» **Work required**
Retype the lines of the material below, exactly and only, from the one containing "Dänemark - Färöer, 1975/96, umfangreiche" through the last line, with pictures left out.

» **Data extract**
%%

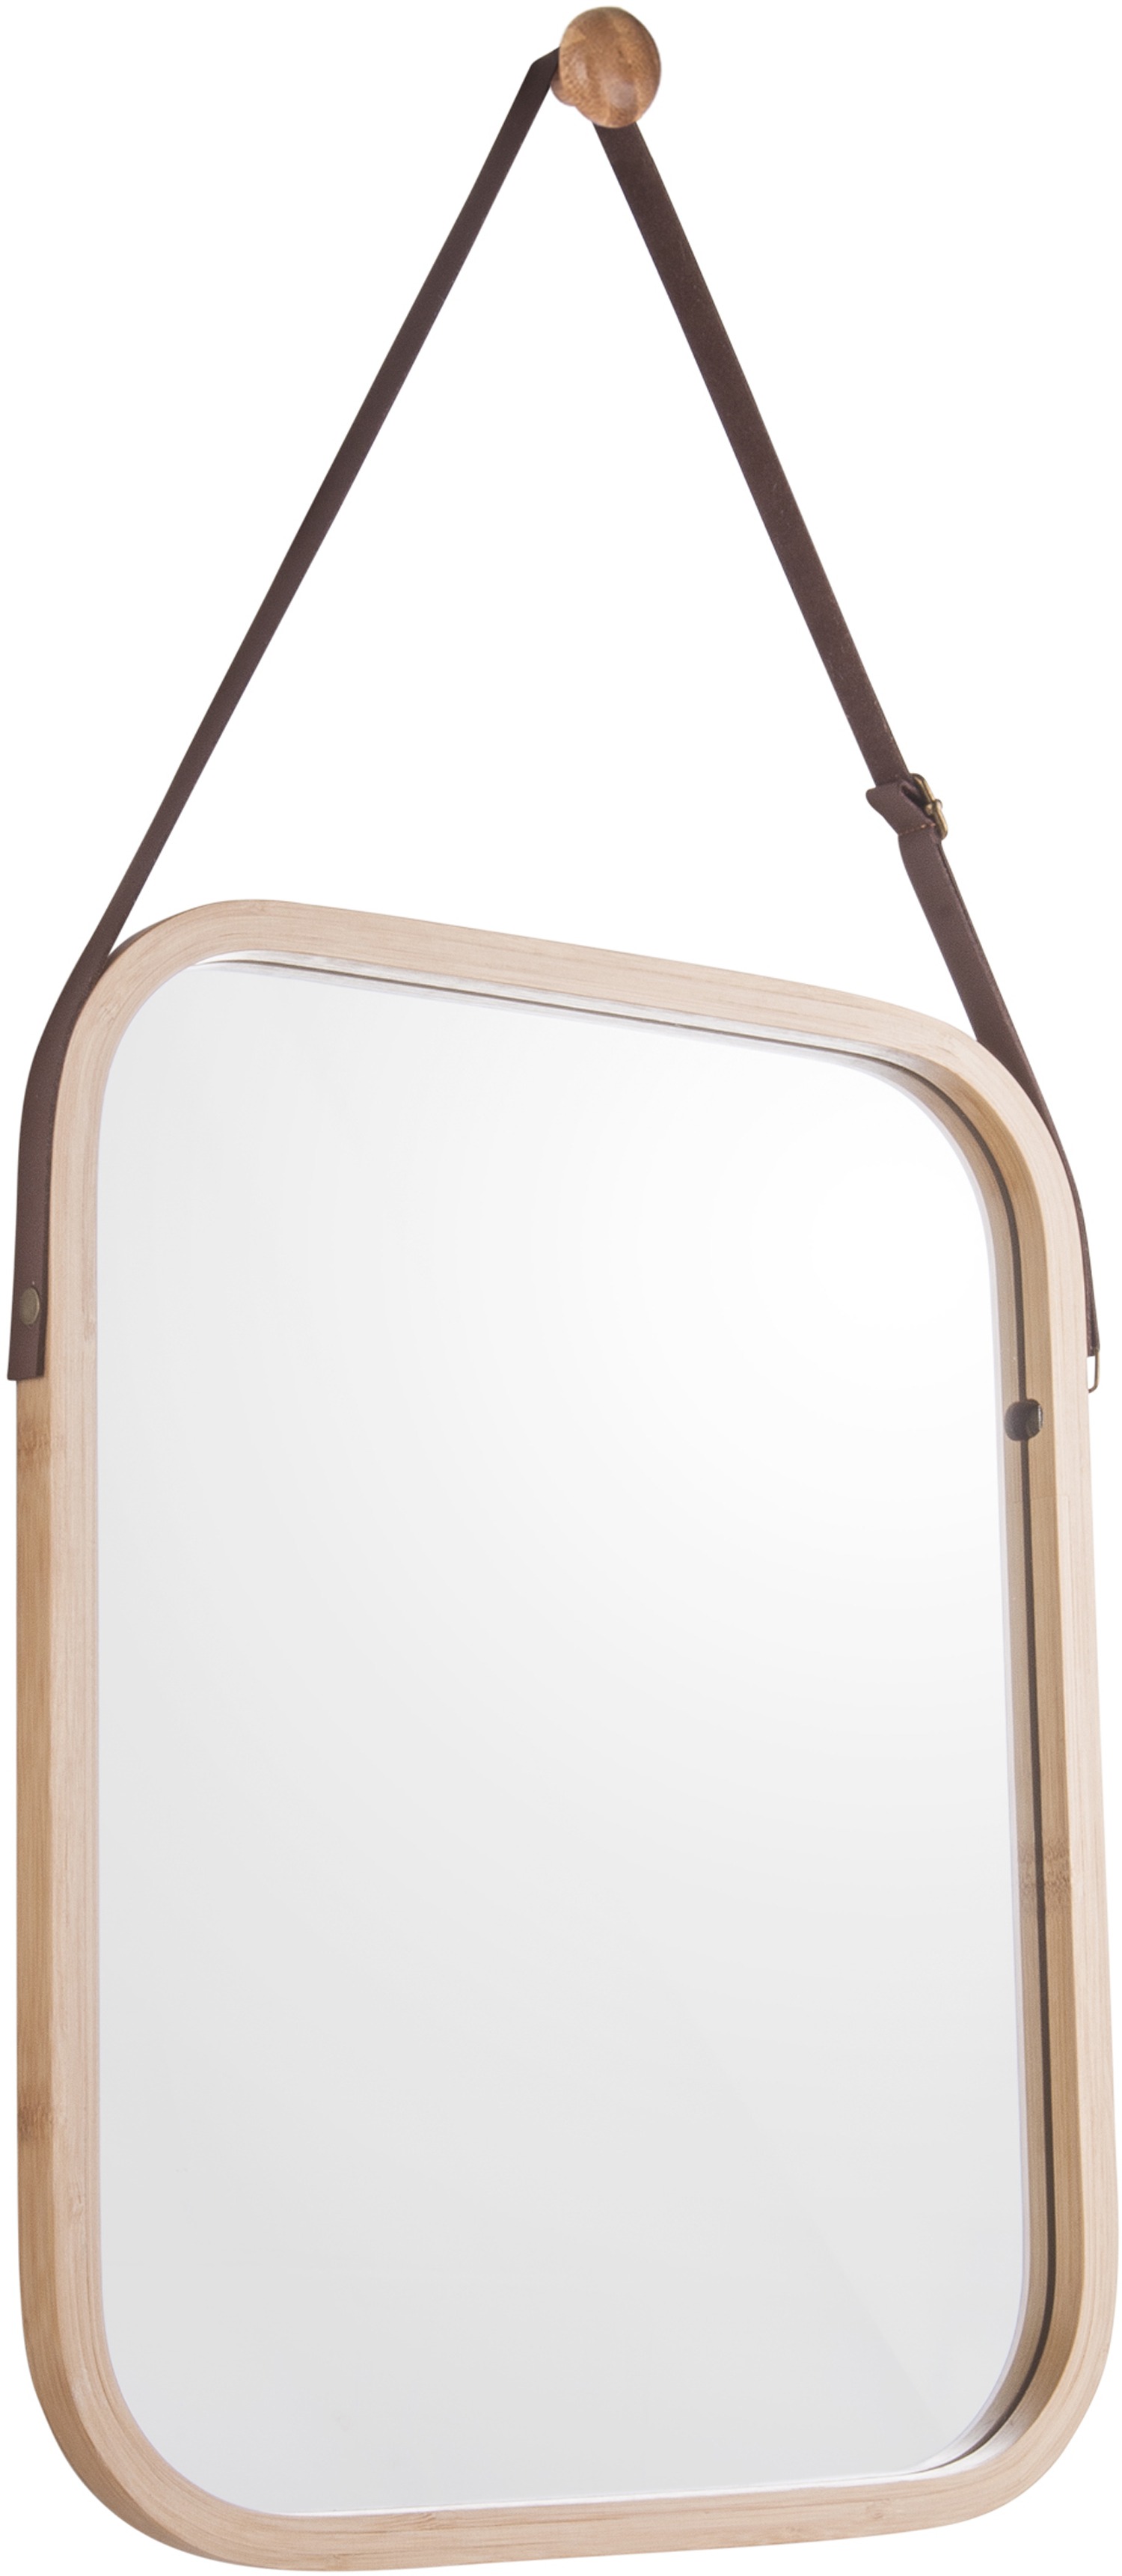 Miroir carré en bambou à suspendre Idyllic
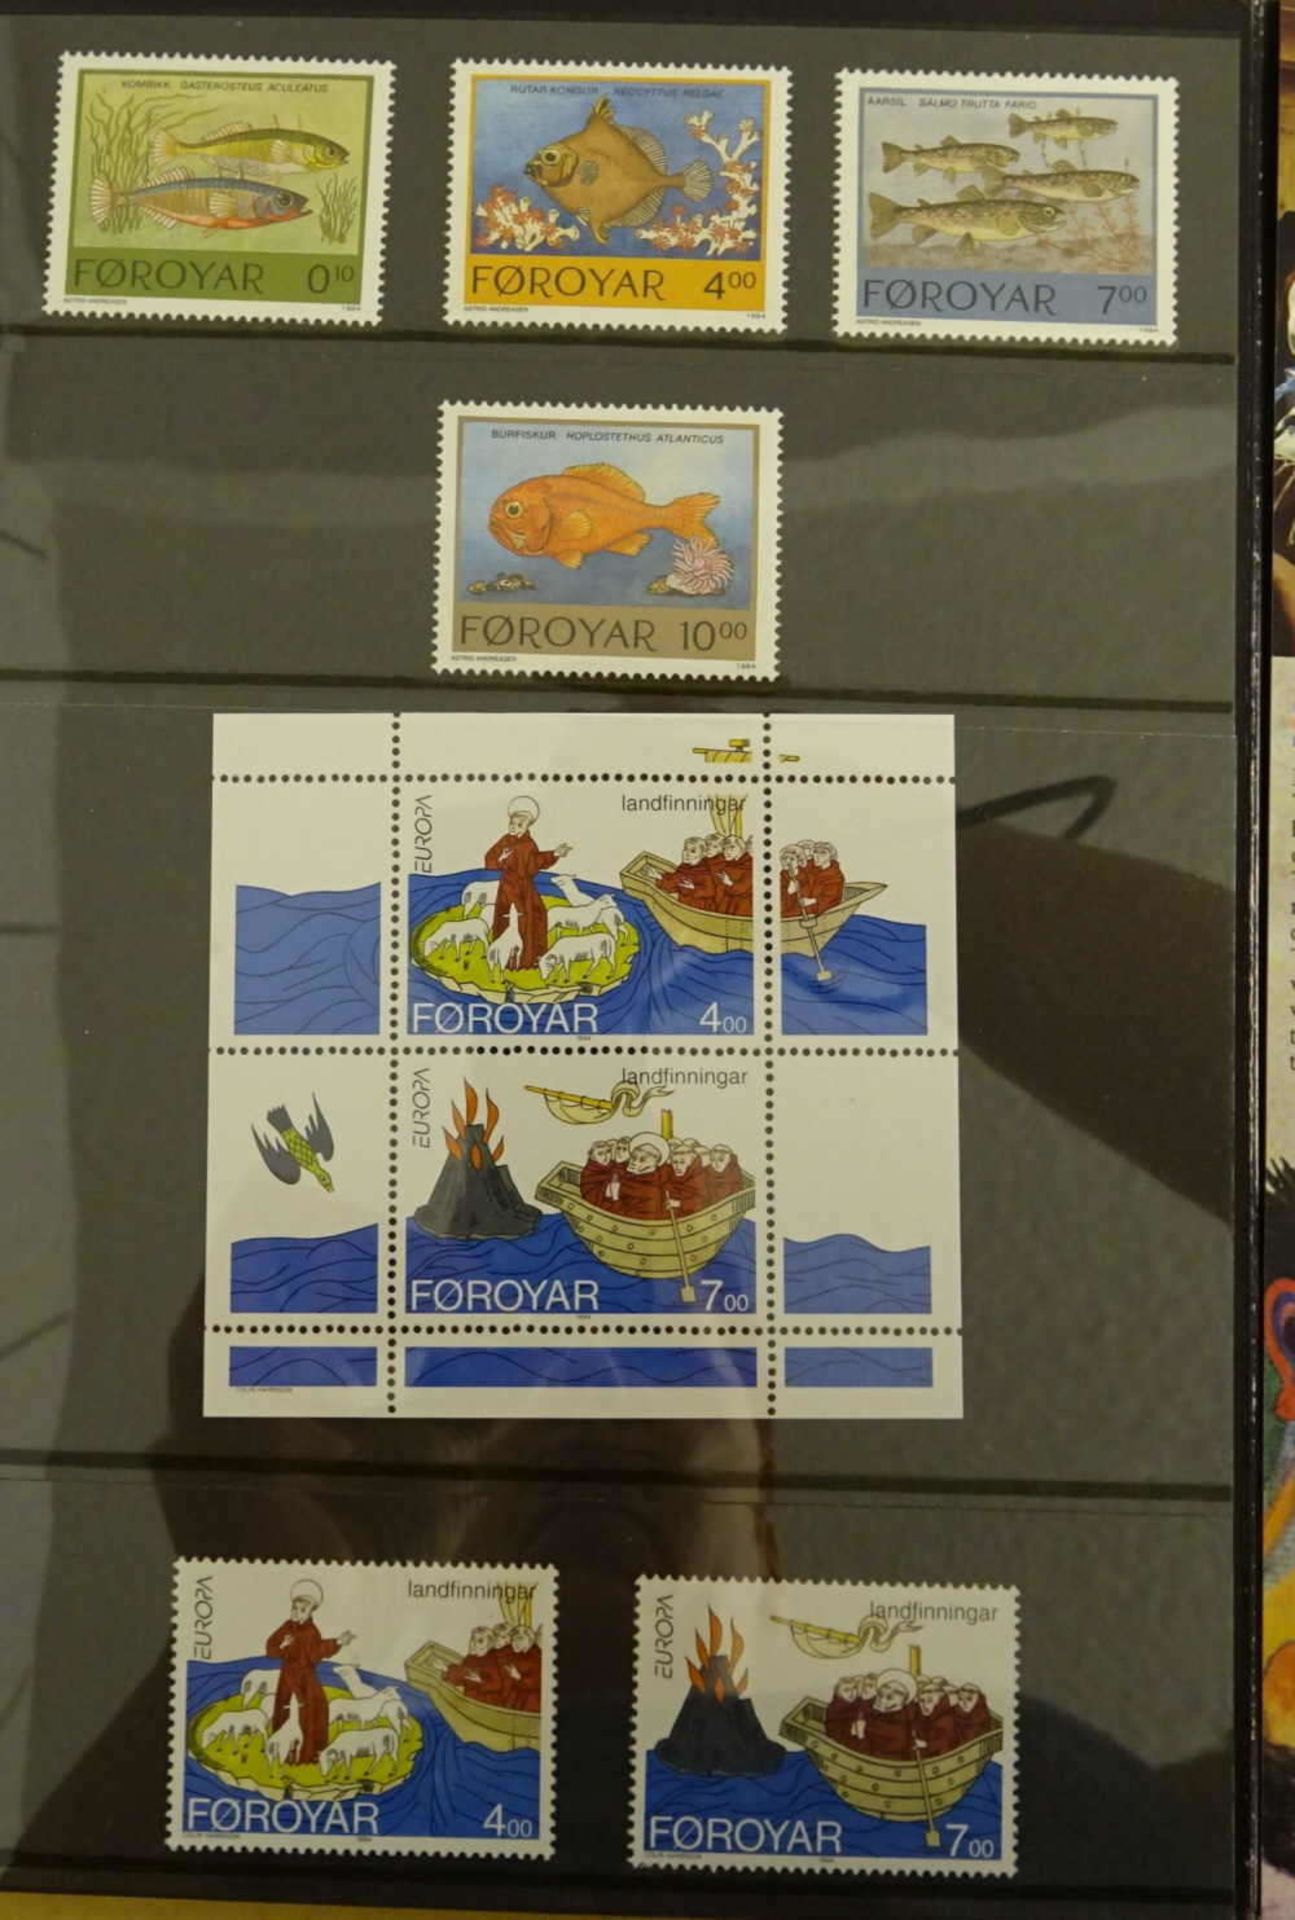 Dänemark - Färöer, 1975/96, umfangreiche Dubletten aus 6 großen Steckkarten, meist in Paaren mit - Bild 3 aus 3
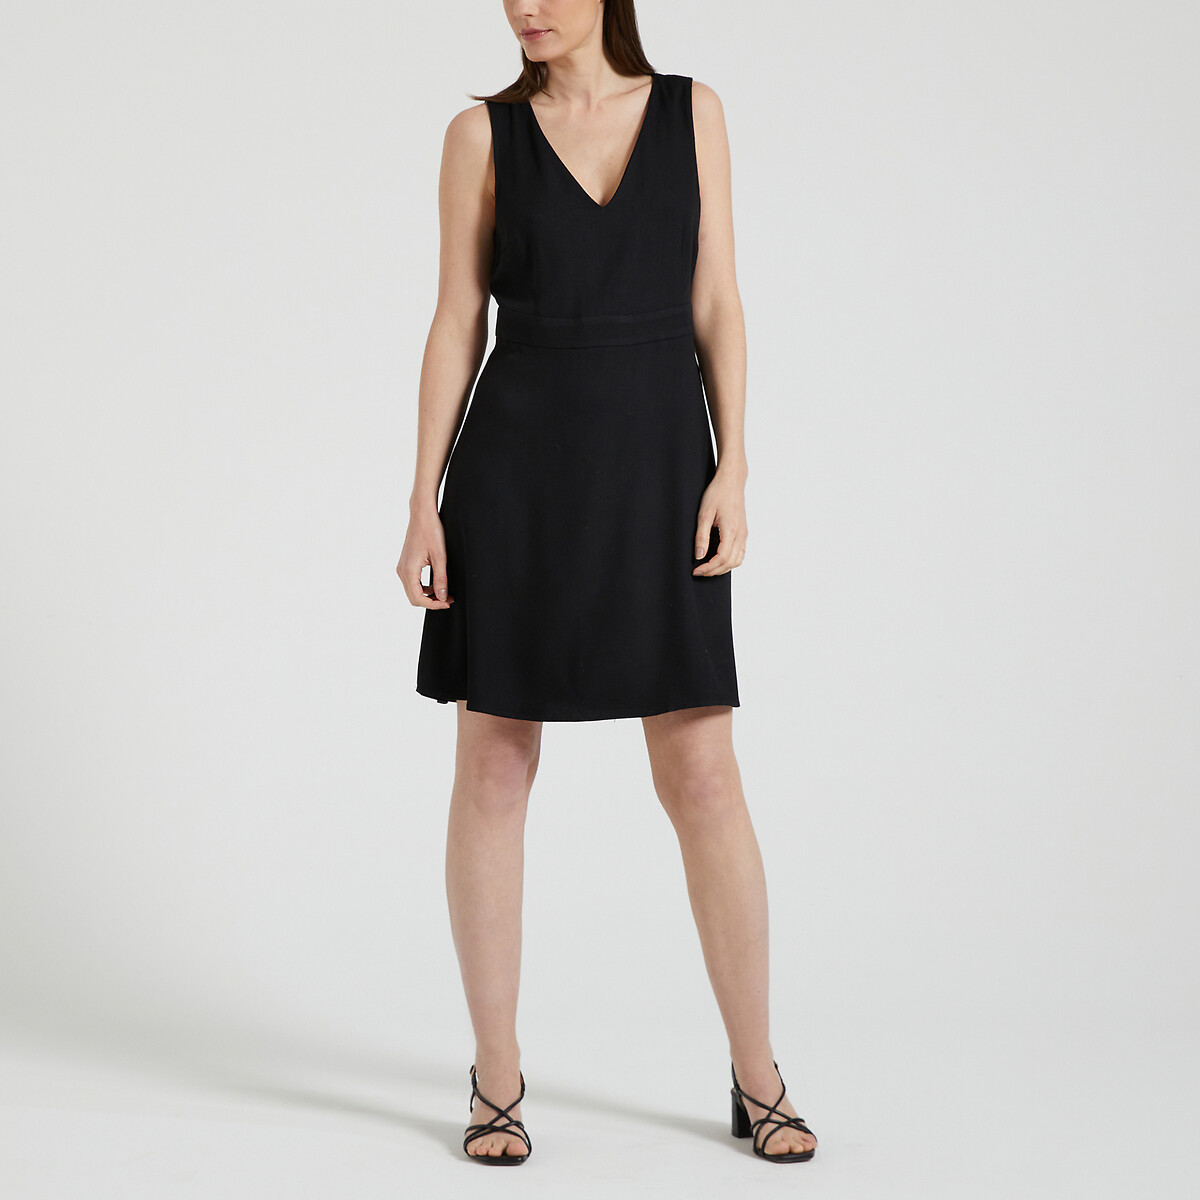 Платье короткое со спинкой из кружева  46 черный LaRedoute, размер 46 - фото 2

%%

» **Response to this task**
 Dänemark - Färöer, 1975/96, umfangreiche Dubletten aus 6 großen Steckkarten, meist in Paaren mit - Bild 3 aus 3
 Платье короткое со спинкой из кружева  46 черный LaRedoute, размер 46 - фото 2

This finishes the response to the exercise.